In 2007, Lichtwitz spent a year in Jerusalem working with both Israelis and Palestinians at the Willy Brandt centre, a place for cross-cultural encounters and cooperation named after the SPD leader who served as West Germany’s chancellor for more than two decades.
Conflict of values
SPD’s current deputy chairman, Ralf Stegner, ignited public debate when he said last September – following the conflict between Israel and Hamas – that Germany should halt its arms exports to Israel.
Stegner told the Die Welt newspaper he is not anti-Israel, but believes sending weapons to the Middle East does not contribute to resolving the conflict with the Palestinians.
SPD’s chairman, Sigmar Gabriel, responded by voicing his support for weapon deliveries to Israel – reflecting the conflict that exists here.
In the Bertelsmann study, more than 80 percent of German participants expressed negative views on Berlin supplying arms to Israel.
German law stipulates that the government must ensure German weapons do not end up being used in wars around the world.
Nevertheless, Germany has been providing Israel with weaponry since the 1950s, according to a report by the Berlin-based Information Centre for Transatlantic Security, a non-governmental organisation focusing on security issues.
In the collision between two values enshrined in post-WWII German society – disinvolvement in wars and ensuring the security of Jews – the latter has, so far, decisively prevailed.
Larger mediator role
But Germany has also repeatedly criticised Israel’s policies in the West Bank.
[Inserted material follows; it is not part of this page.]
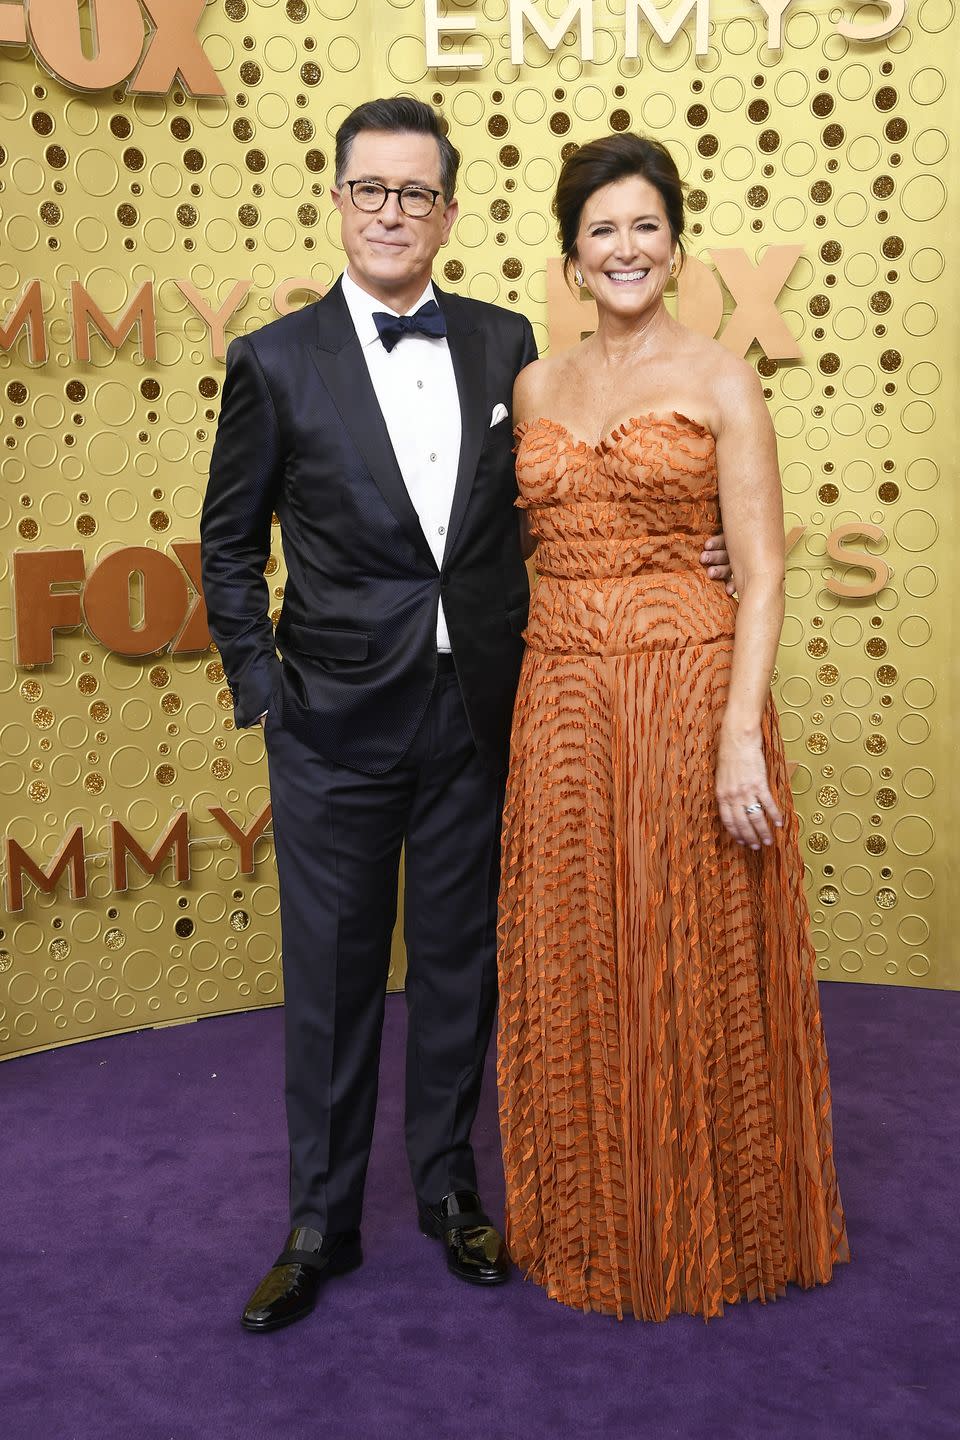 Stephen Colbert and Evelyn McGee

Chancellor Angela Merkel was quoted as saying the building of settlements on Palestinian territory is a “grave concern“.
This may change soon, according to Professor Hajo Funke of the Otto Suhr Institute of Political Science at Berlin Freie Universität.
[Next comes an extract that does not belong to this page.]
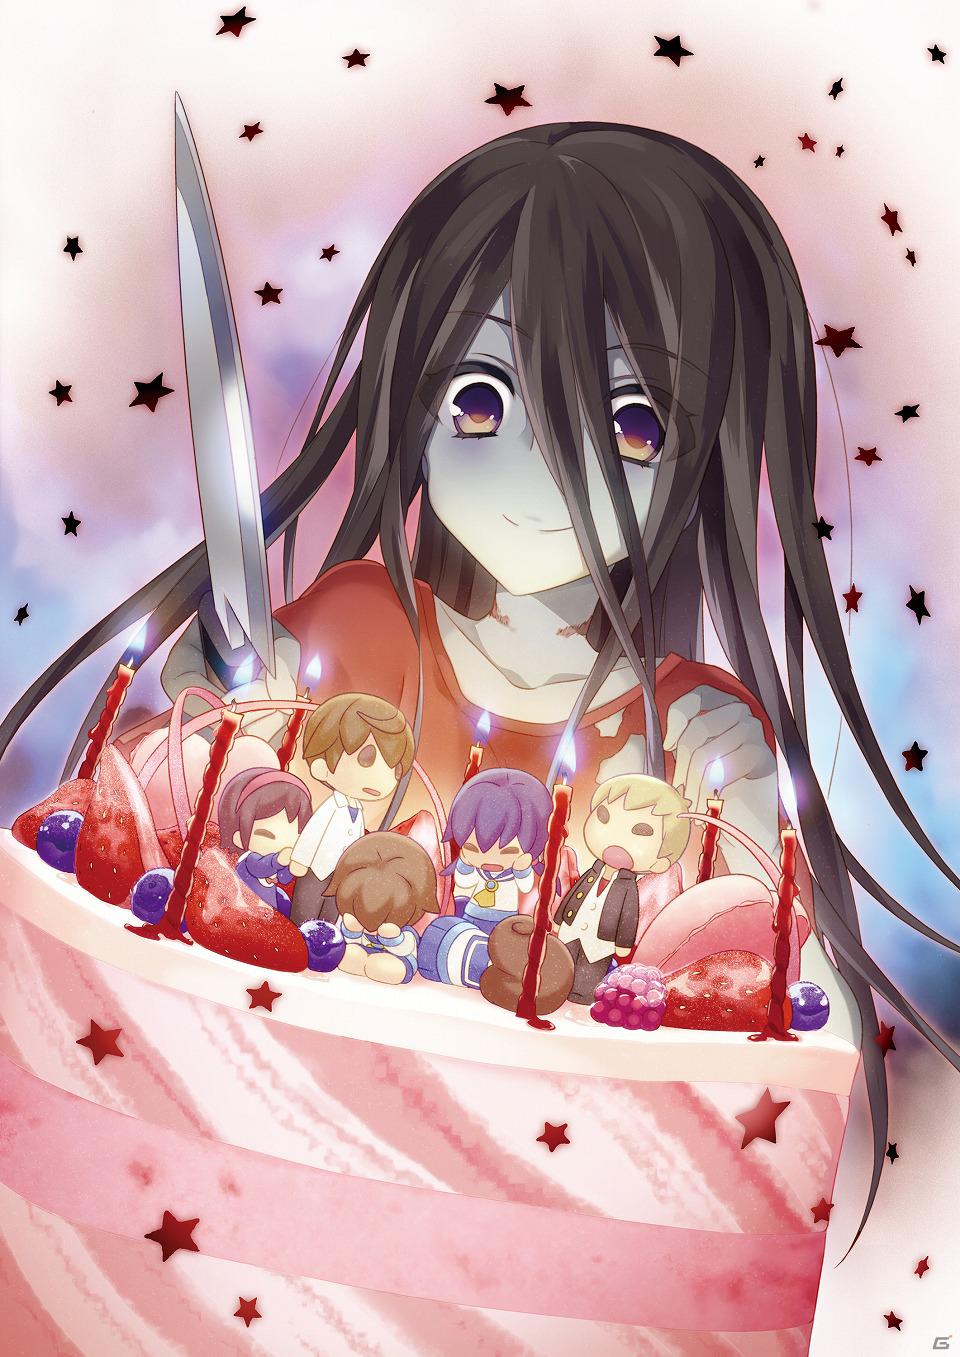 Corpse Party: Missing Footage | Soundeffects Wiki | Fandom

“Yes, that can happen,” Funke said. “As long as there is no [Israeli] will for a peace compromise with the Palestinians, it can be that the German public and the German parliament says we’ll make a symbolic decision to acknowledge the Palestinians.”
“This is symbolic but it may be important to give a signal to the Israeli public, to the Israeli discourse, to rethink the legitimacy of the current government,” he told Al Jazeera.
Funke said he expected Germany to play a bigger role in future peace talks between Israel and the Palestinians. He said after the failure of US-led negotiations after years, it is now more than ever time for Europeans to try to mediate peace.
For now, the peace process between Israel and the Palestinians is mostly dead. But the battle for the German public’s support is alive and kicking.
The next “Israel Day” festivities are scheduled to take place this week in the German town of Celle.